In the copy, include all of the listing exactly and none of its pictures.

Recorded data: Begin

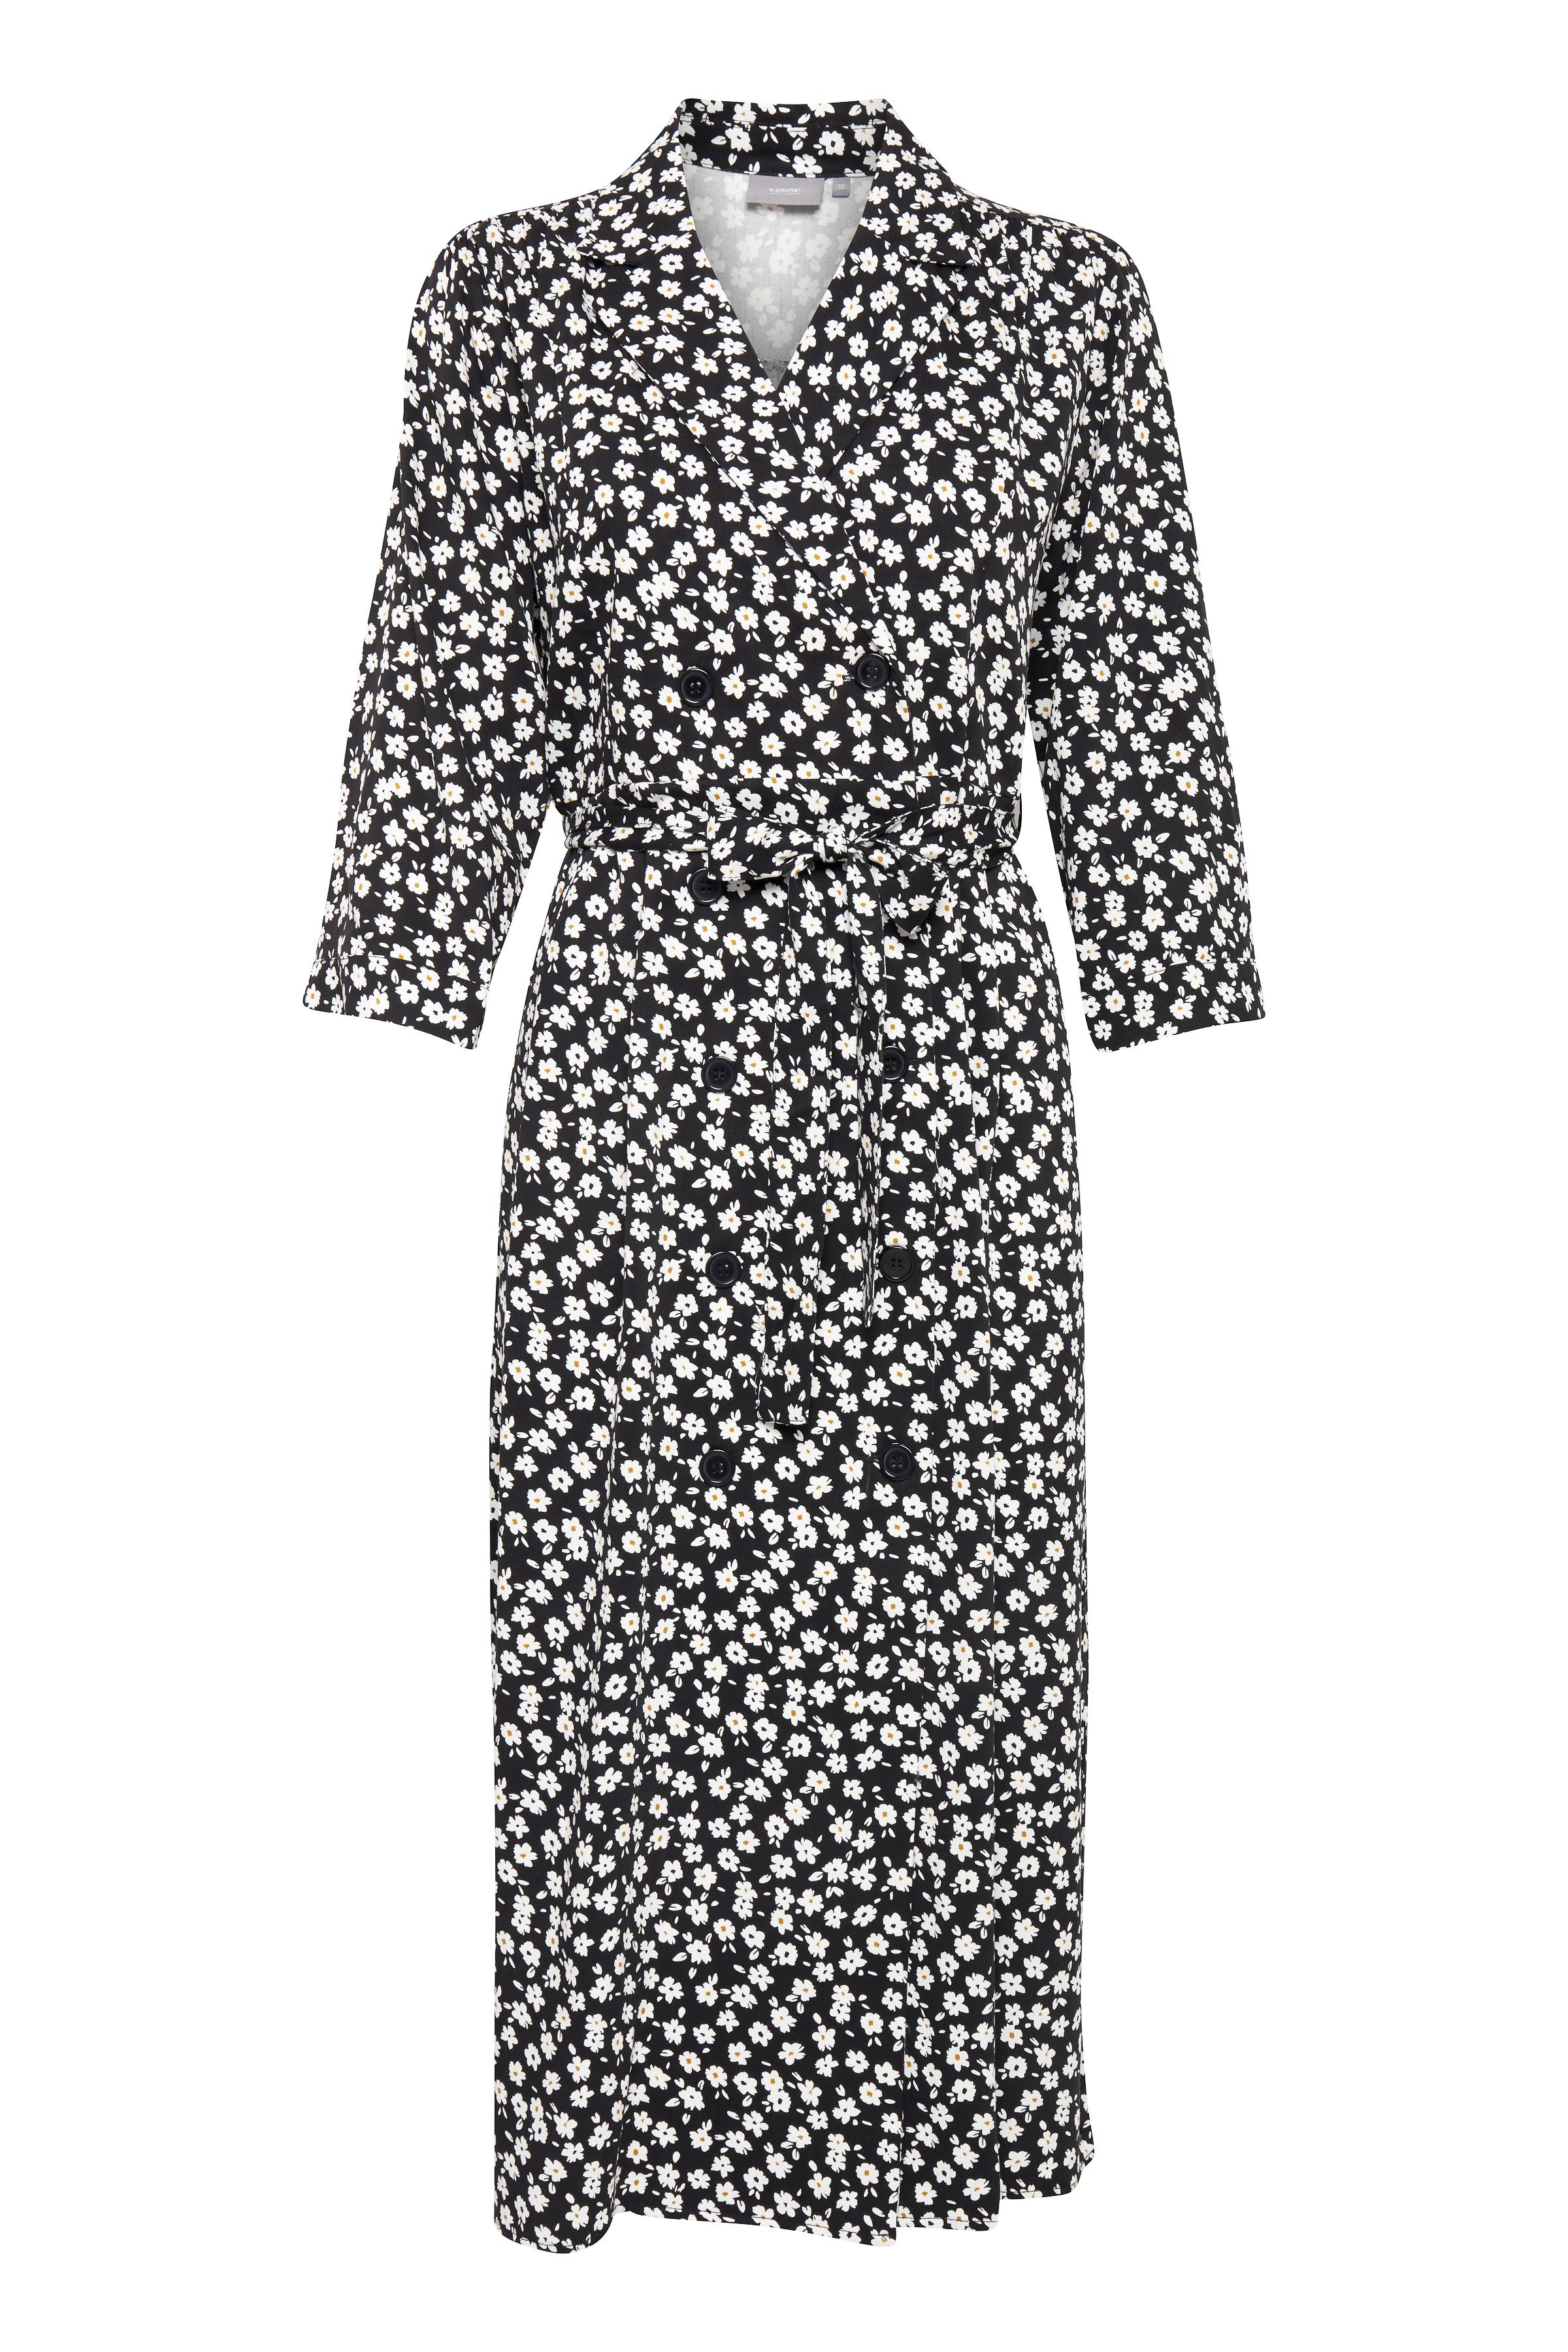 b.young Dame Dobbeltradet kjole - Sort/hvid
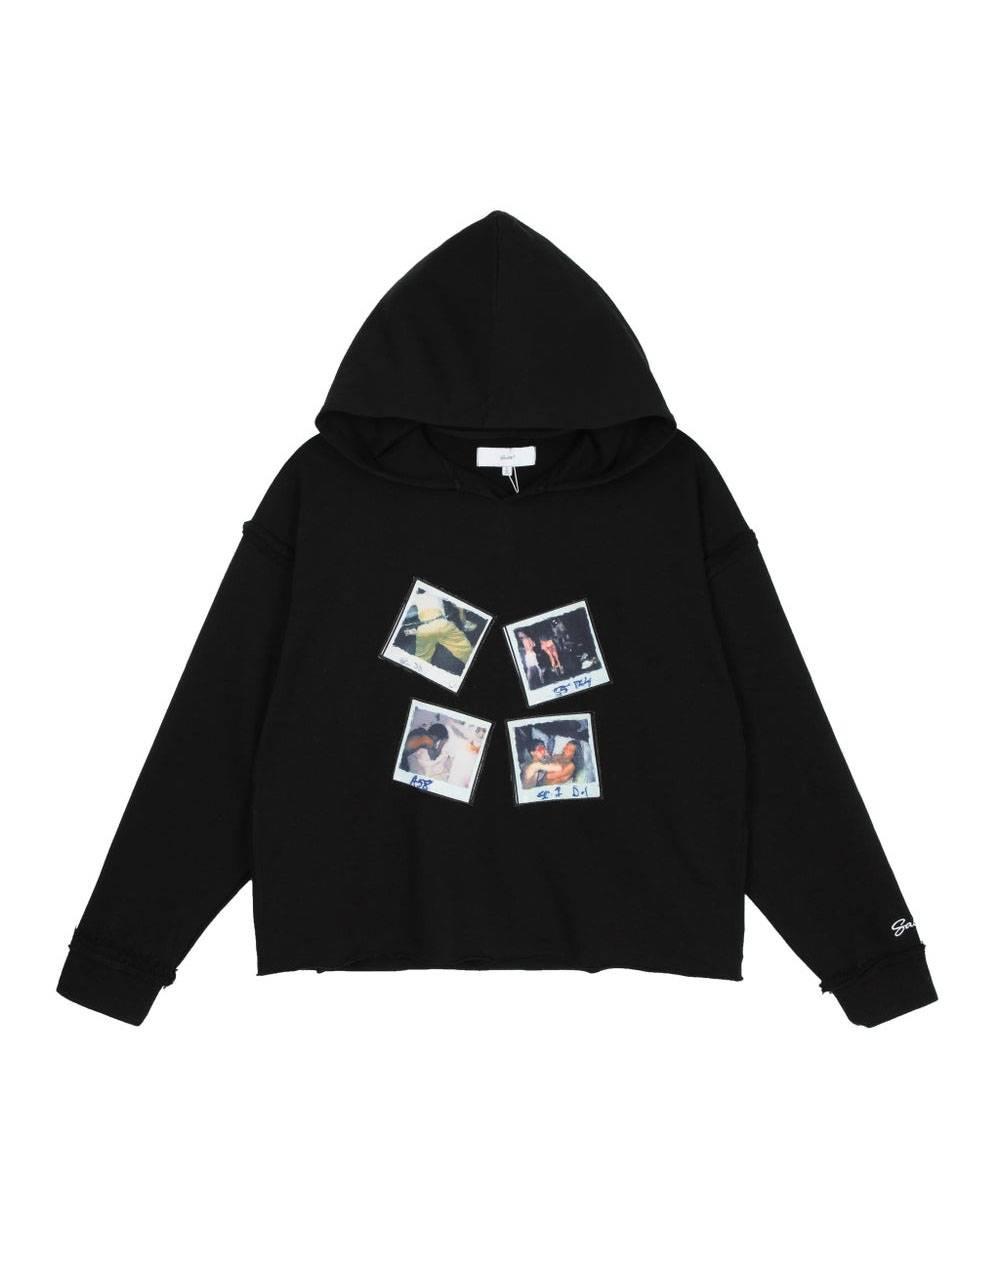 Salute HK Polaroid box fit cropped hoodie - black Salute HK Sweater 114,75€
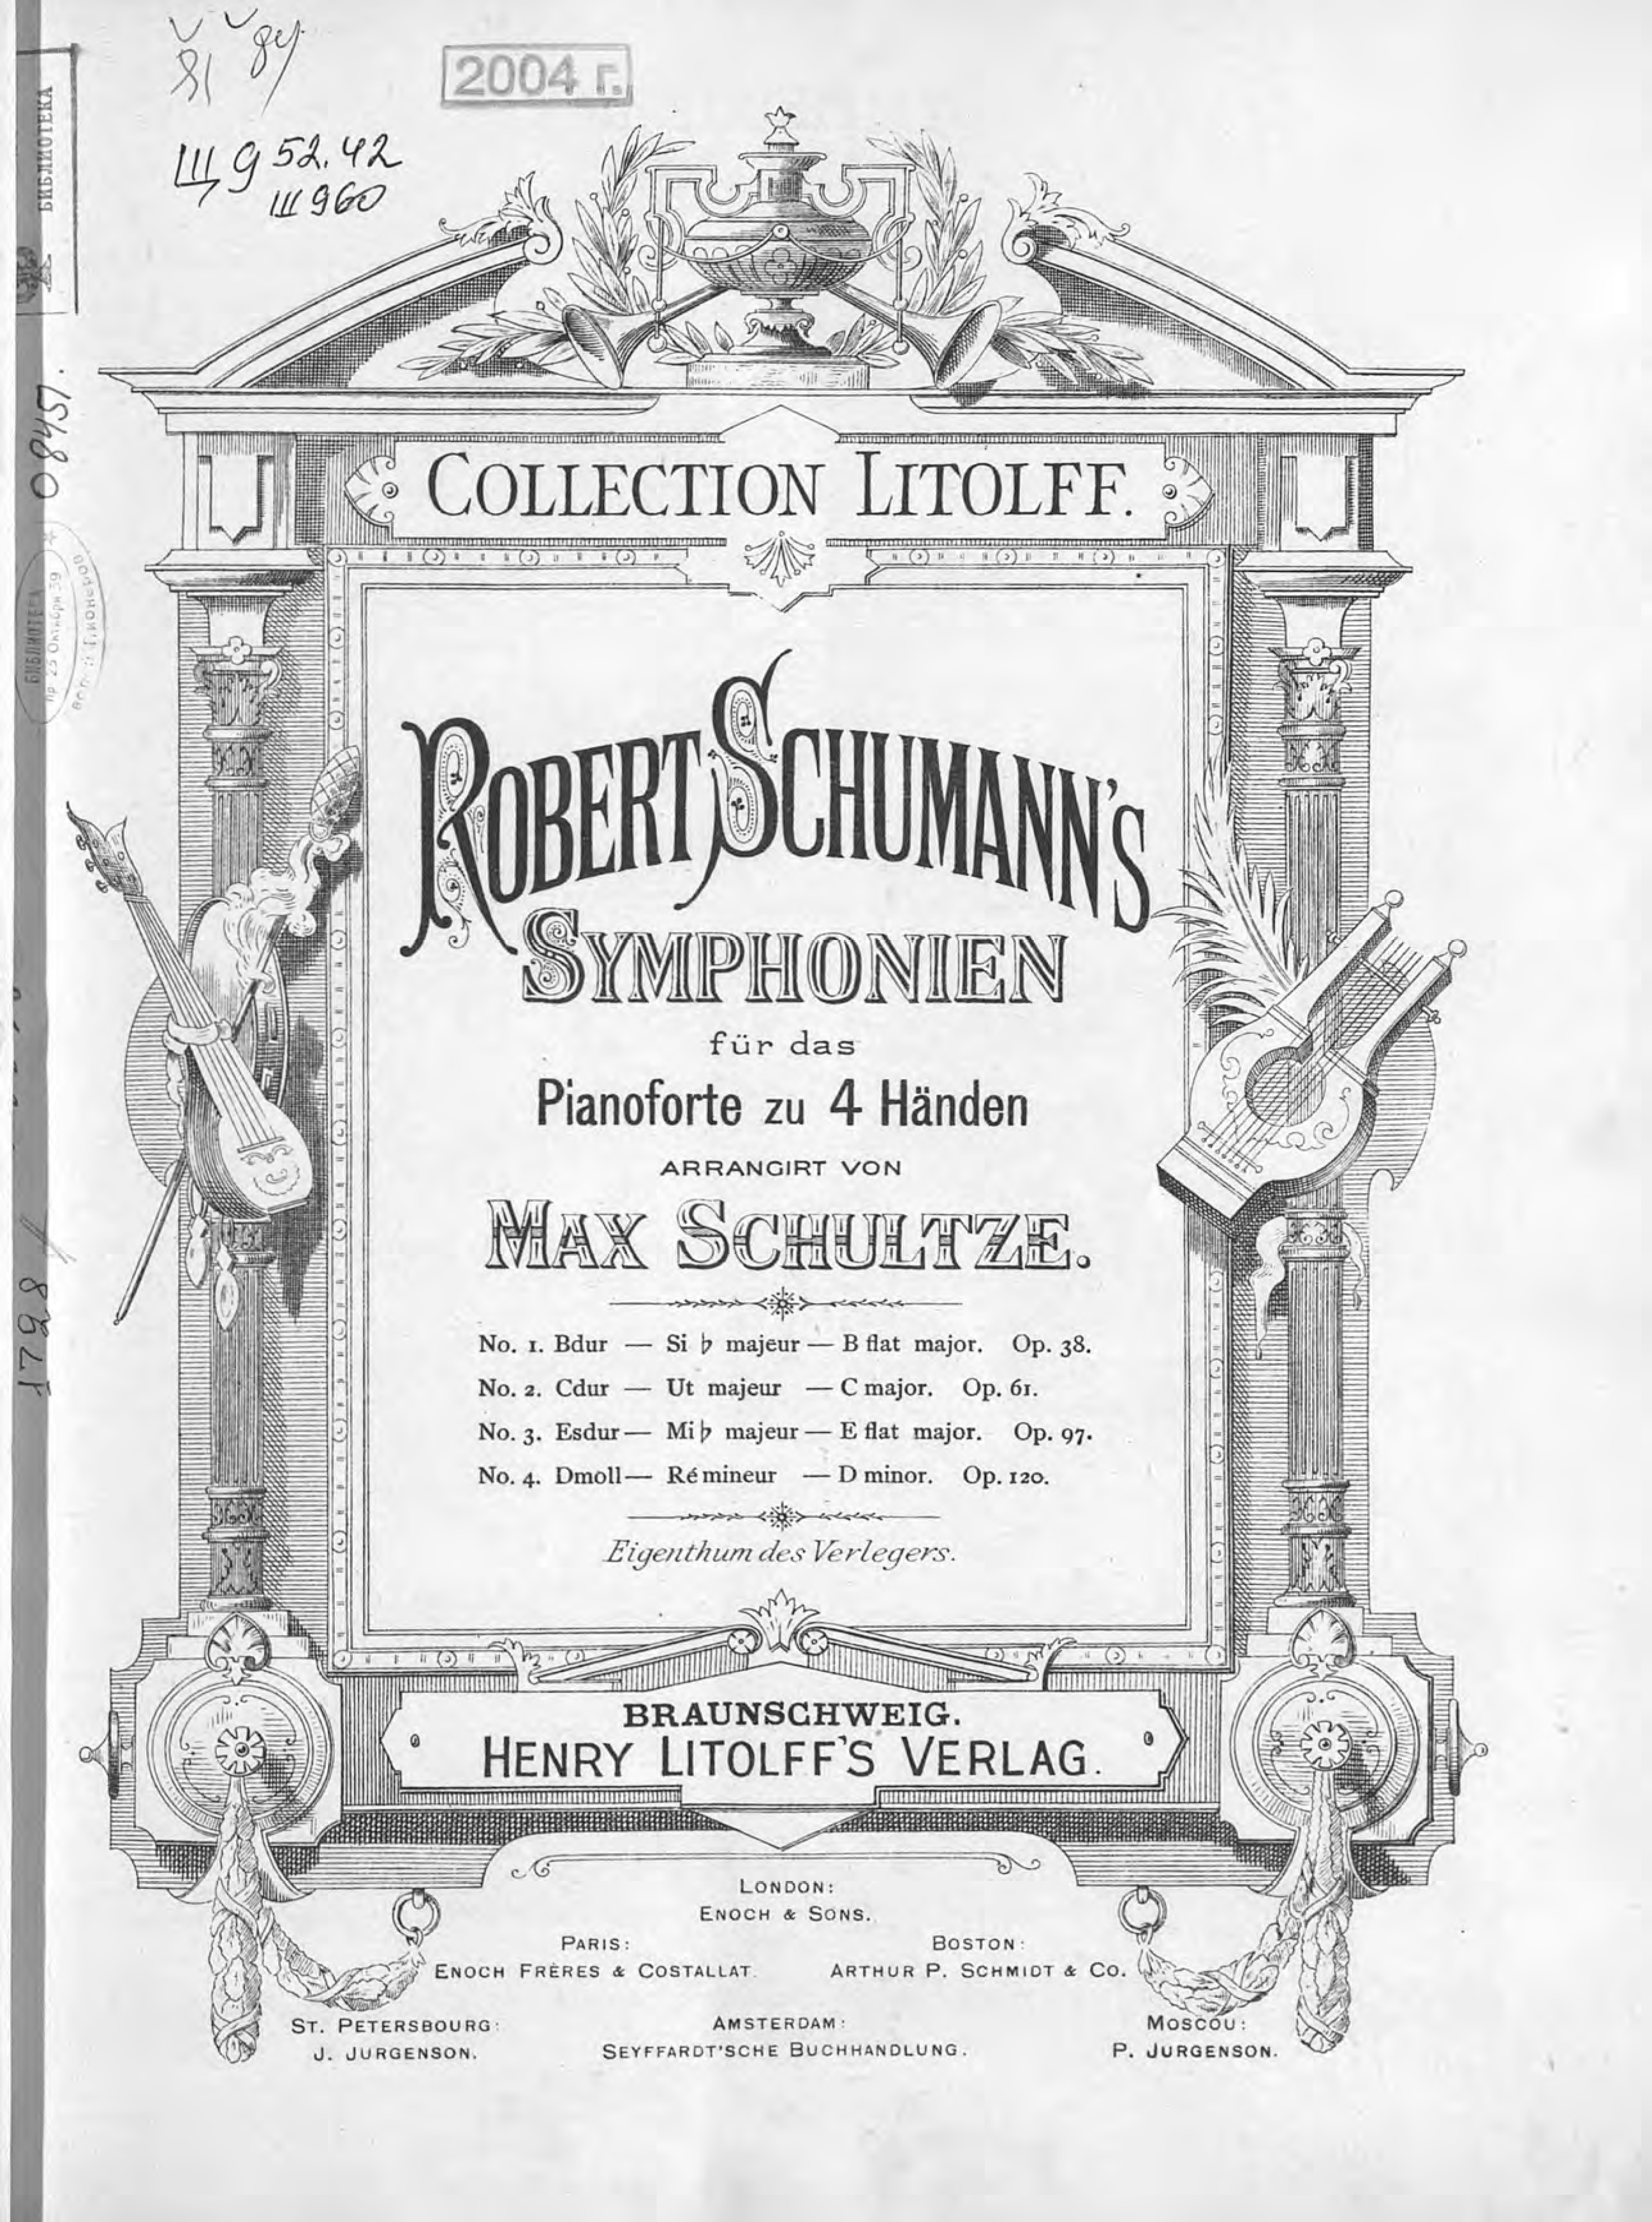 Роберт Шуман Symphonie № 3, Es dur густав малер erste symphonie in d dur

Recorded data: End

Reply to the exercise:
 b.young Dame Dobbeltradet kjole - Sort/hvid
 Salute HK Polaroid box fit cropped hoodie - black Salute HK Sweater 114,75€
 Роберт Шуман Symphonie № 3, Es dur густав малер erste symphonie in d dur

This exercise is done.